Last modified: 28 Jun 2009, 12:56:33 UTC

Success

I removed the outer cover prior to shutting down the computer as I wanted to watch the cpu fan stop to ensure that the factory installed fan was indeed blowing down on the cpu as I had assumed. I assumed wrong! It was indeed blowing up and away from the heat sink. The only other time I removed the heat sink for cleaning I did not remove the fan and assumed it was correct.

The next part of this goes to the heat sink compound. The original factory installed material was hardened on when I removed it the first time and I did not add any new material. Yesterday I got some and applied liberal amounts of it on top of the factory material. I now know that was wrong but the upside is that it softened the original material and all of it came off quite easily with a dry cloth.

After re-assembling and restarting I now have Temps at 51-53 and quiet fans again. Ambient temps are at 21. Its not quite back to the 47-49 range when I got back into Seti with this computer but its a far cry from the 61-62 temps that it did get up to.

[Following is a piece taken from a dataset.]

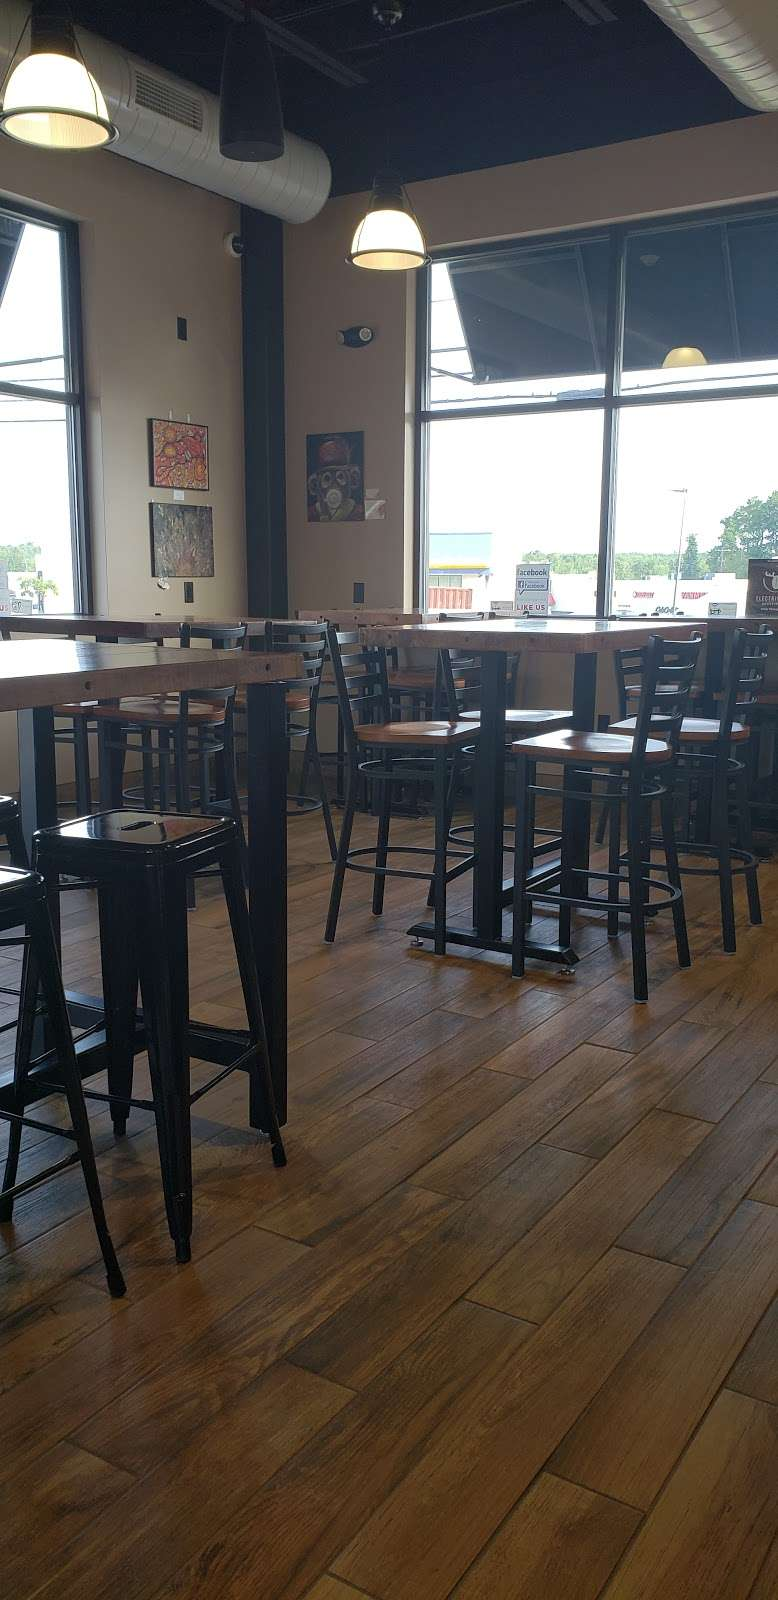 Kays Daily Grind - cafe  | Photo 5 of 10 | Address: 480 Daleville Hwy, Covington Township, PA 18444, USA | Phone: (570) 843-6271

Moral of the Story . . . Don't ASS-U-ME anything!

Thanks to all of you for your help on this one.

@ Grant and Byron ... That cooler reference was definately overkill and a little bit of my humour but If I had a free one I would definately tried to attempt it. Im not afraid of the mechanical installation parts of a computer its making it all work together (software) that I have a hard time with.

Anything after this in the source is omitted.